An oft invoked Wall Street phrase of investors who are waiting for some sort of large drop in the markets so they can buy in at a low point is “Buy when there’s blood in the streets.” But I’ve always wondered: What if there’s only yelling in the streets? In other words, what if it doesn’t get as bad as folks think it should? Or in the case of investors who are waiting for a great opportunity before they invest, what if it doesn’t get as bad as they would like?
How long should one wait for this dire circumstance to materialize? Do you wait for a 10% drop, a 20% drop, a 50% drop? Do you maybe wait for a month or two or a year or two? Do you wait until the next election or the next geopolitical crisis or the next central bank meeting?
We often hear stories about people who made a great investment by buying something at a point of great distress but it seems we hear less about people who failed dramatically at this same task.

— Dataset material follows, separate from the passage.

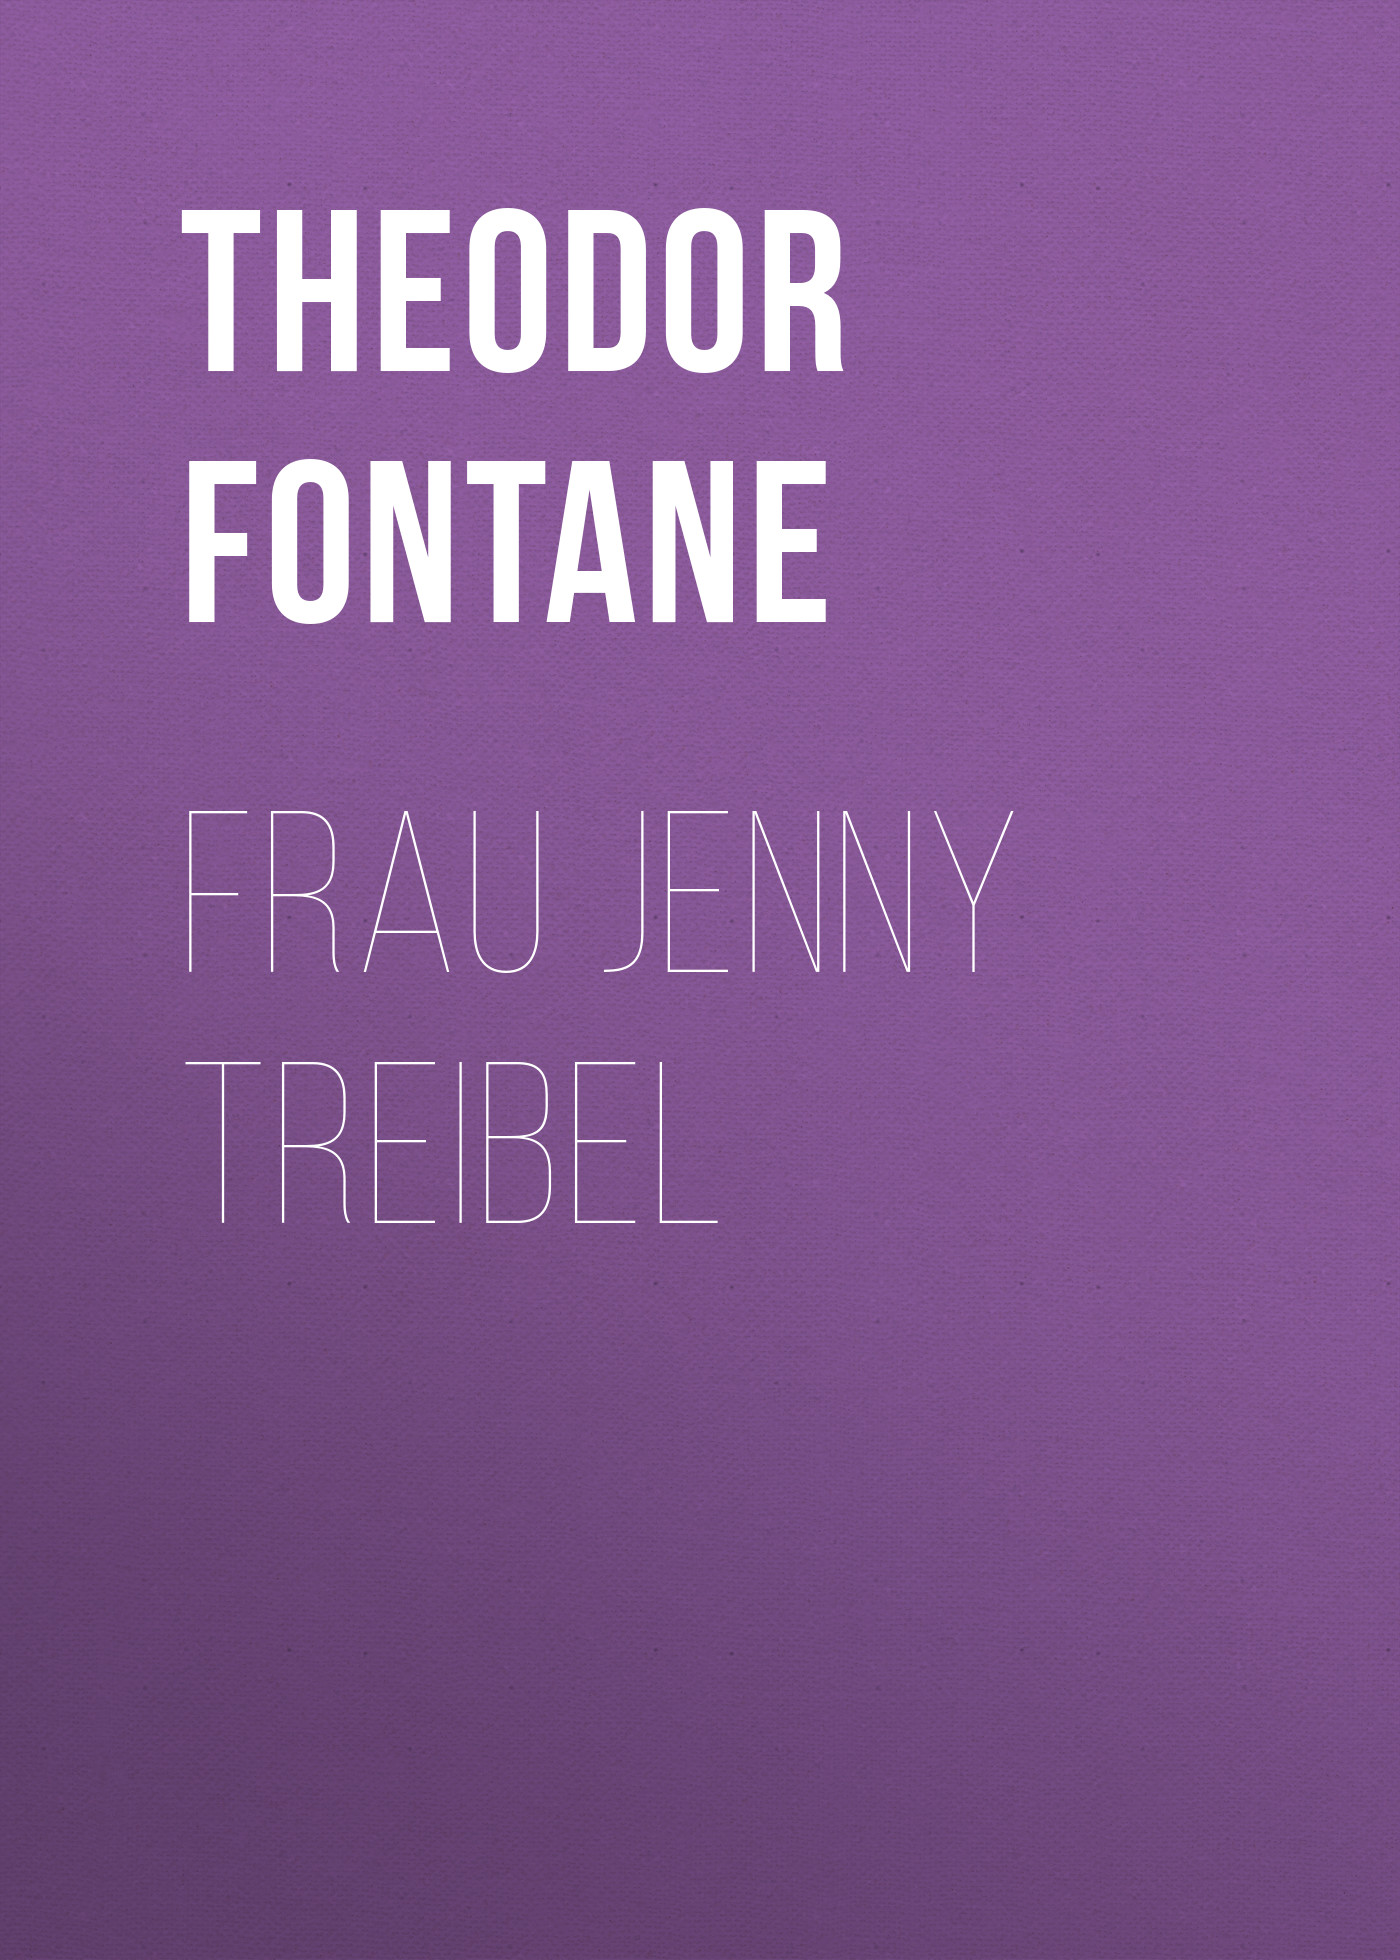 Книга Frau Jenny Treibel из серии , созданная Theodor Fontane, может относится к жанру Зарубежная старинная литература, Зарубежная классика. Стоимость электронной книги Frau Jenny Treibel с идентификатором 24727785 составляет 0 руб.

We probably hear even less about people who did nothing during times of distress and simply carried on with their investments.
One can sit around and wait and try to time when to invest one’s money, but the opportunity costs are the chance for your investments to accrue dividends and appreciate in value. Over long periods of time, missing out on these could significantly reduce your ability to build wealth.
So if you’re waiting for the markets to hit a low point before you invest, you may want to understand exactly what it is you’re waiting for, because things may get bad, but not as bad as you’d like.